» **Task requirements**
In your reply, repeat the full listing exactly and leave each picture out.

» **Provided material**
'''
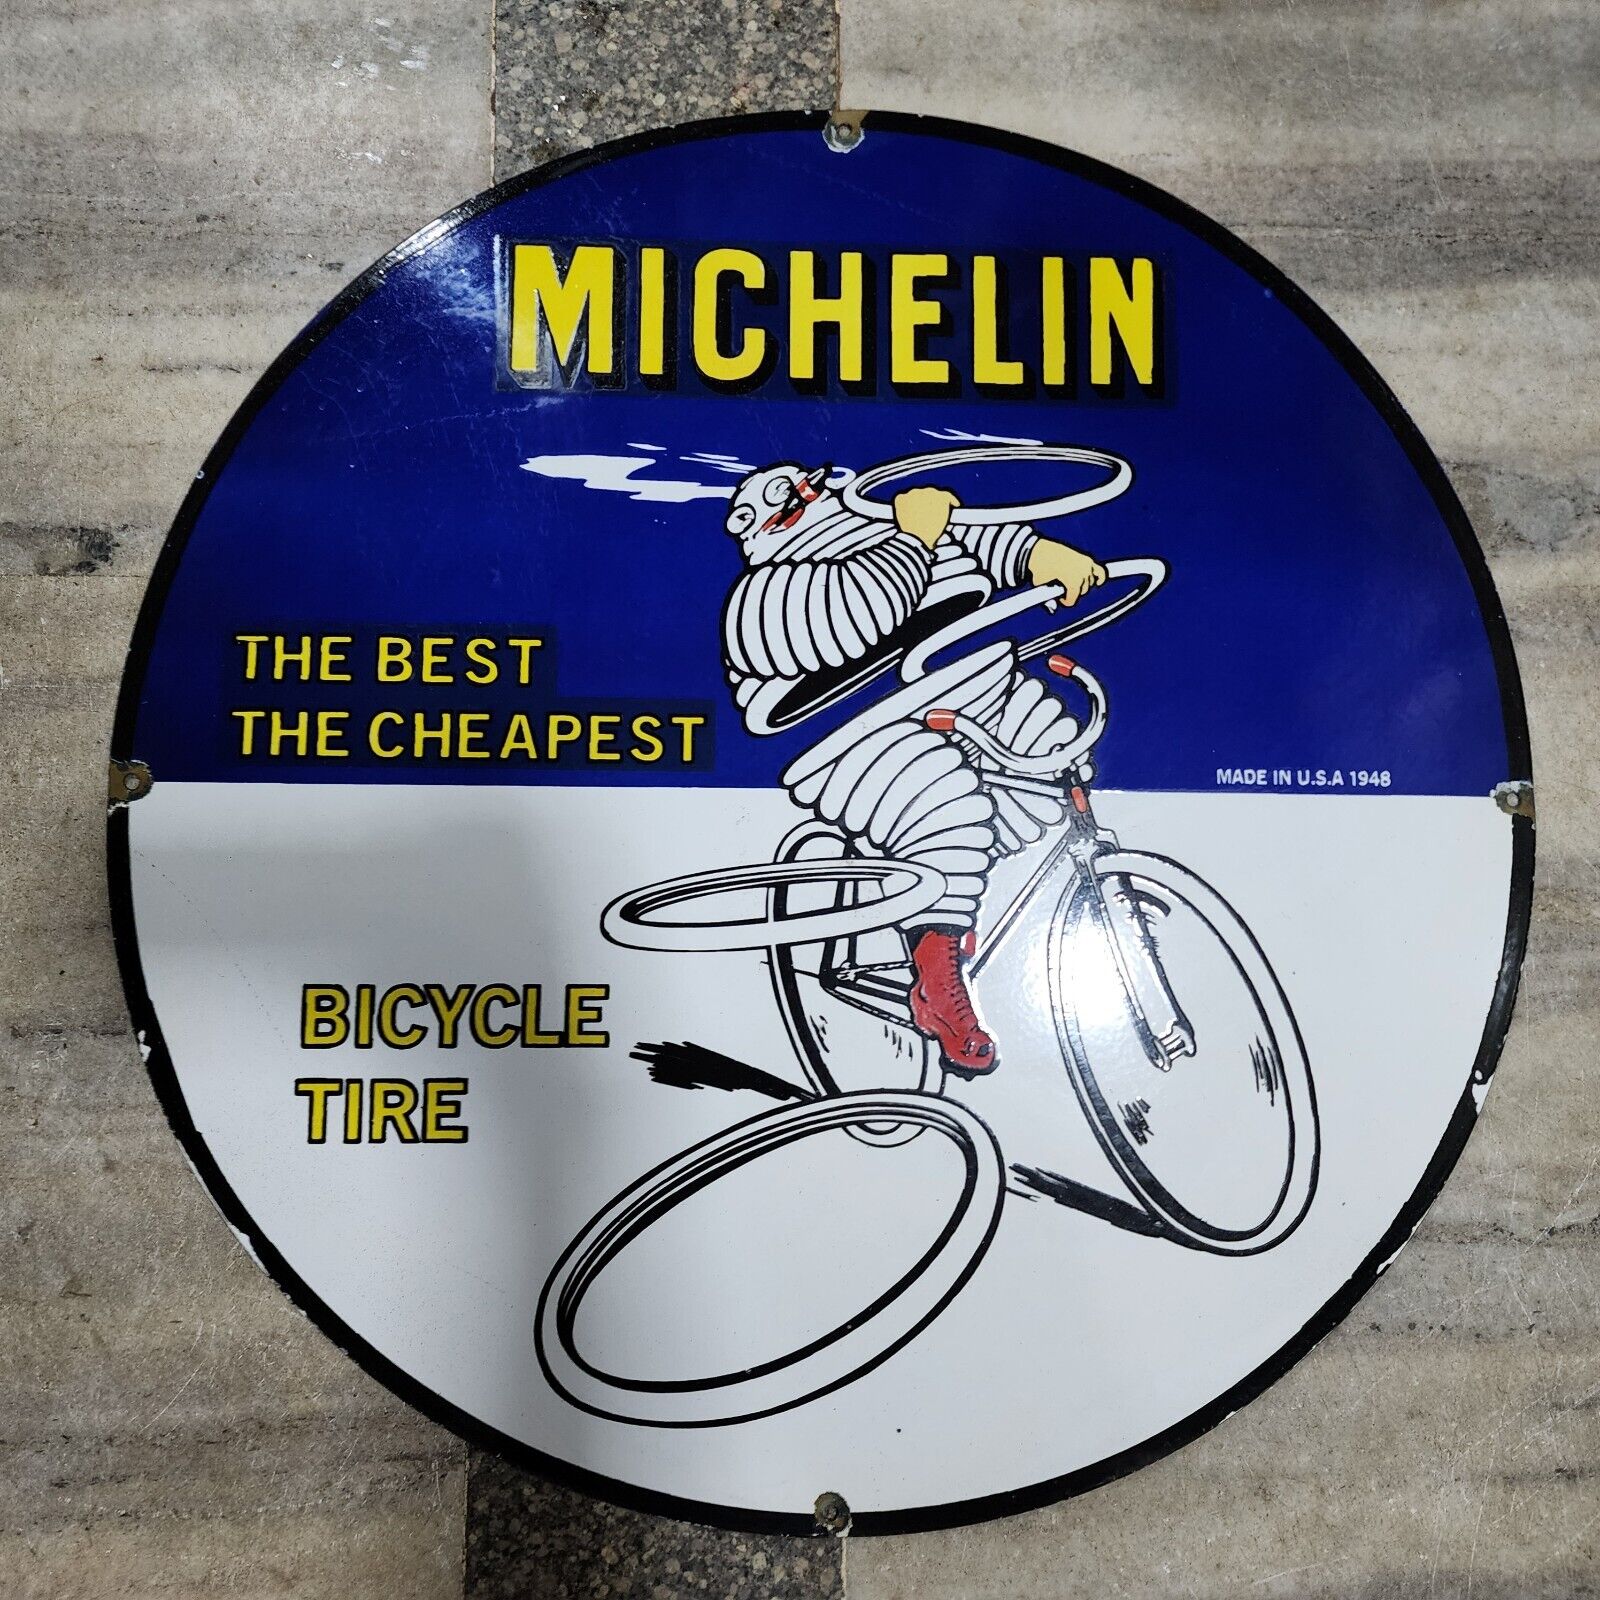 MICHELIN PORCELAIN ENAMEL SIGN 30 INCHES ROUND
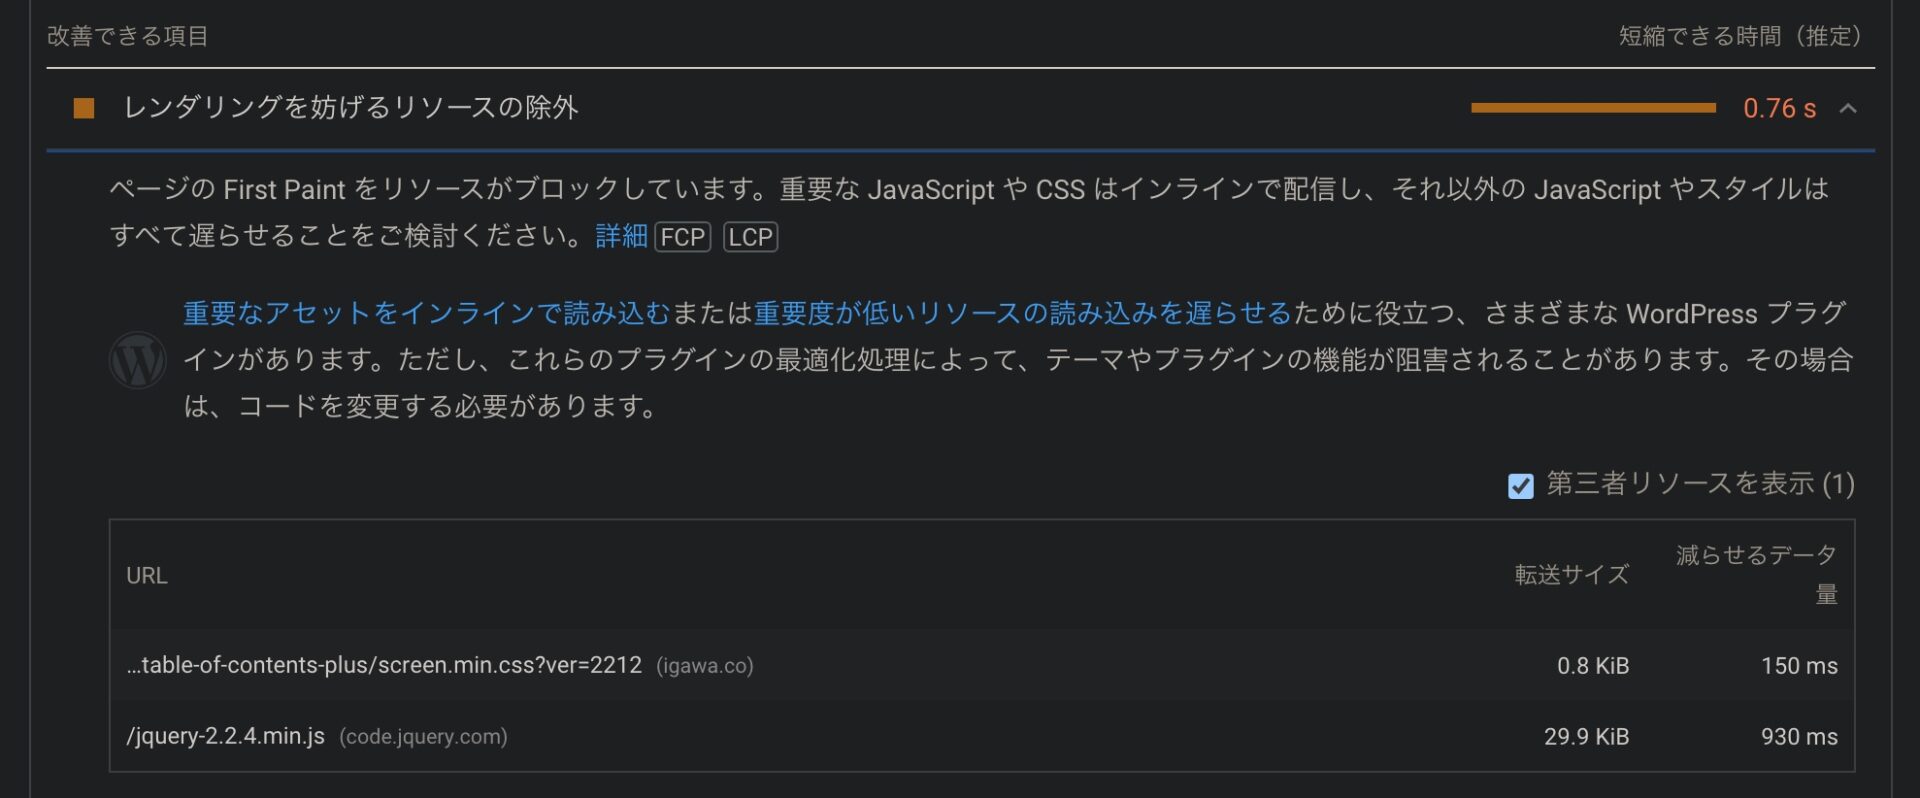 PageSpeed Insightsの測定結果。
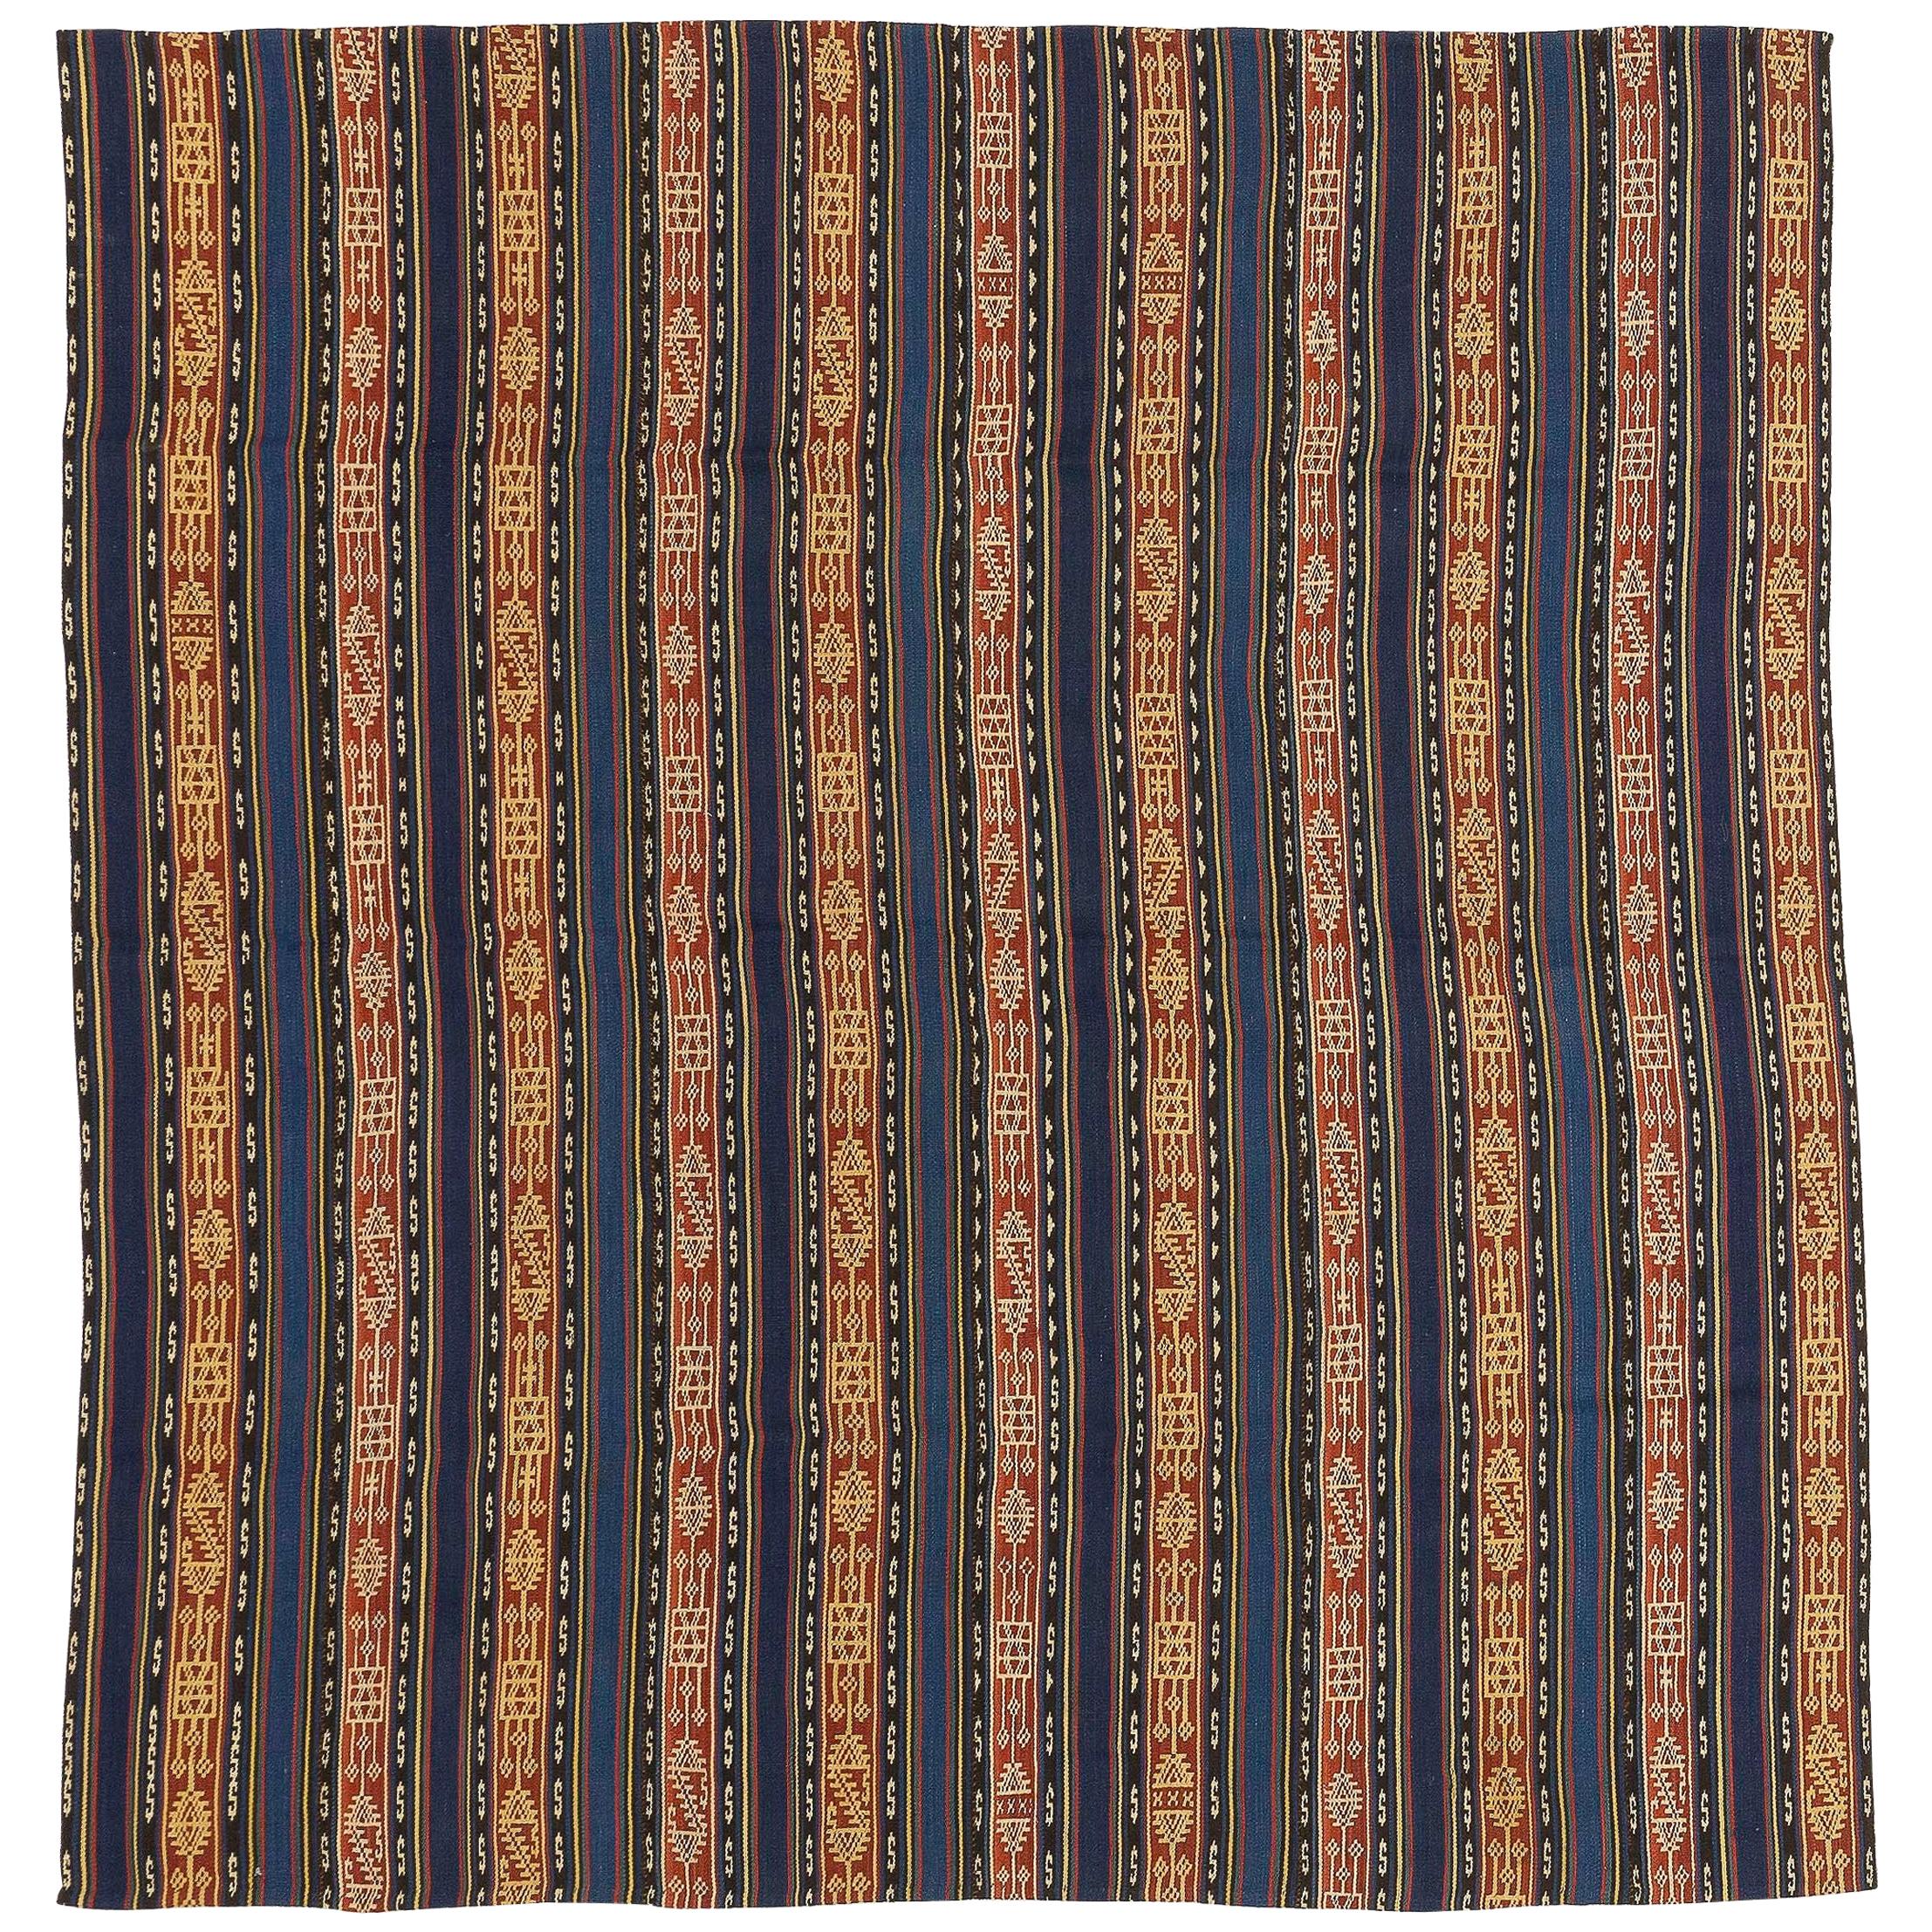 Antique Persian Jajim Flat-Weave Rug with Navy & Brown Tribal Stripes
'''
» **Output of the exercise**
 MICHELIN PORCELAIN ENAMEL SIGN 30 INCHES ROUND
 PageSpeed Insightsの測定結果。
 Antique Persian Jajim Flat-Weave Rug with Navy & Brown Tribal Stripes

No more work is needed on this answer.